In a liquid measuring cup, measure out the warm water and dissolve the yeast
In a large bowl, whisk together the flour, sugar, salt, and lemon zest. Cut the cold butter into the flour mixture. Then incorporate the butter into the flour with your fingers until coarse crumbles form. Stir in the yeast/water mixture, the warmed milk, and the eggs.
Turn the dough out onto a well-floured surface and knead for about 2 minutes. The dough will be tacky. Add a little flour as needed while you knead the dough. Form the dough into a ball, place in a bowl, cover, and refrigerate for at least 2 hours or overnight.
Make your filling by stirring together the chopped apples, sugar, cinnamon, and melted butter.
When you are ready to bake, preheat the oven to 400°F and butter a baking sheet, or line with parchment paper.
Make the cream cheese filling by beating together the cream cheese, powdered sugar, egg yolk, vanilla, and salt.
Punch down the dough and divide it in half. Cover the half you aren't working with. On a floured surface, stretch and roll the dough into a rectangle that’s about 1/4-inch thick.
Cut the dough down the middle lengthwise, and then cut it into 8 squares.

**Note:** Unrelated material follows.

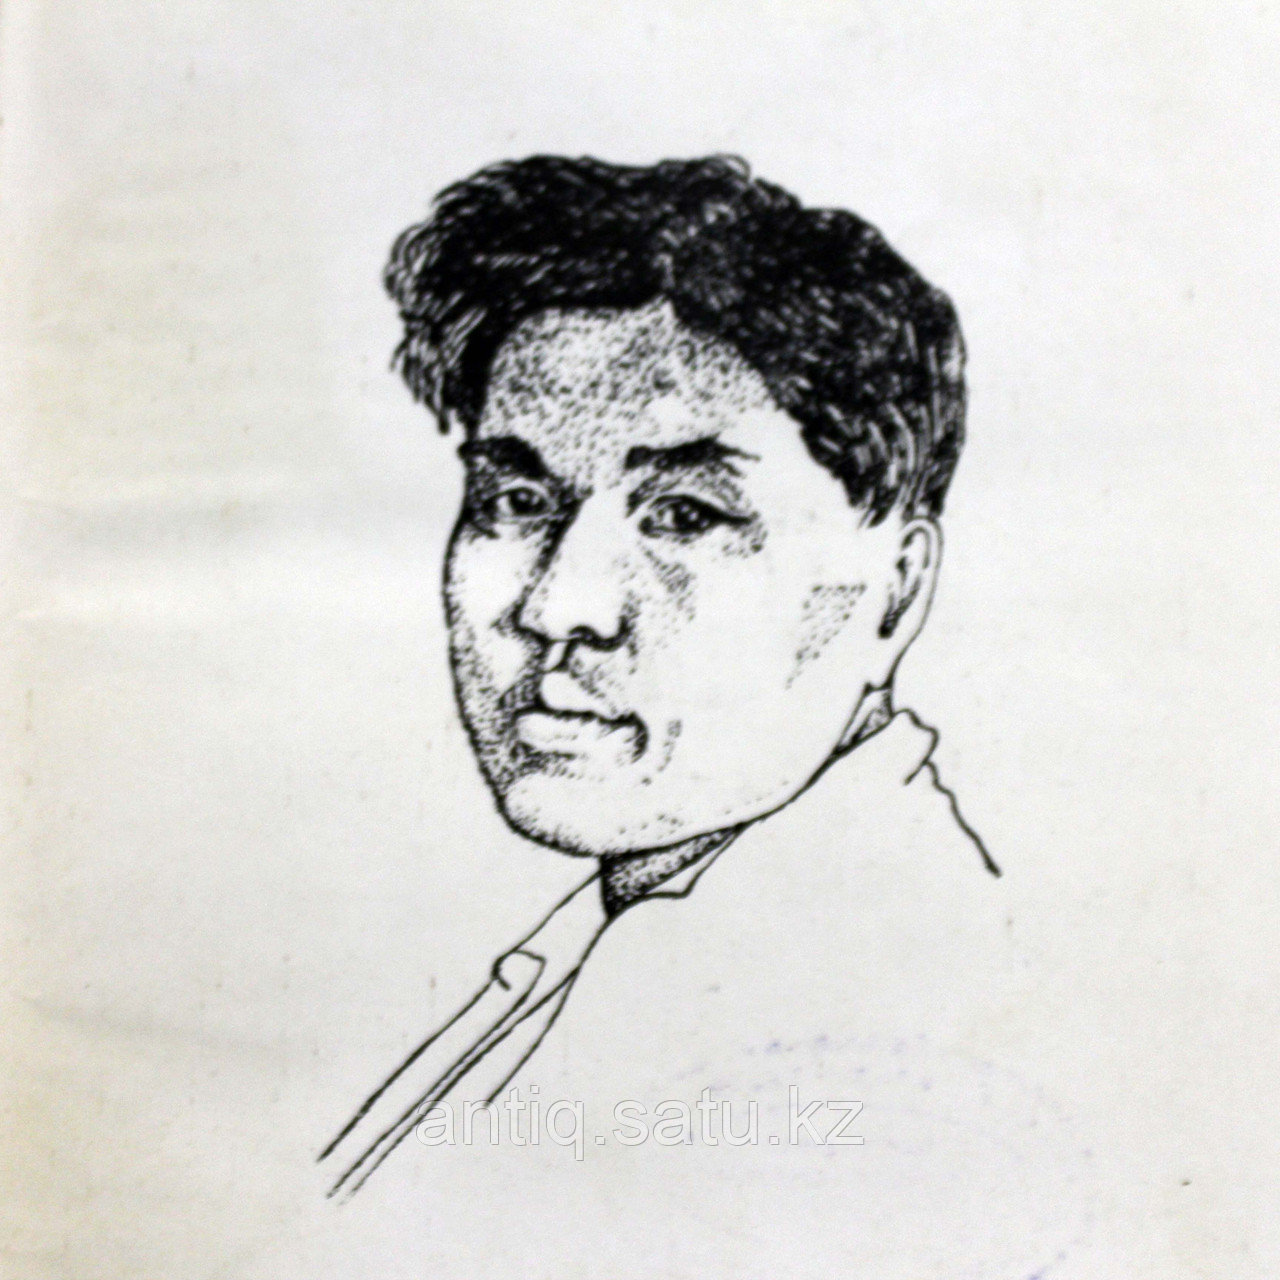 РОМАН «АДАСКАНДАР» Автор - Сабит Муканов (1900-1973). - фото 3

Spoon a heaping tablespoon of the cream cheese mixture into the center of each square. Add a spoonful of the apples on top of the cream cheese.
Pinch the 4 corners of the dough towards the center and press them together. They will expand when baked but this gives each piece an edge and some shape.
Brush each piece with the egg wash, place 2 inches apart on the prepared baking sheet, and bake for 12-15 minutes.
Repeat with the 2nd half of the dough.
Cool the danish completely on a wire rack before serving.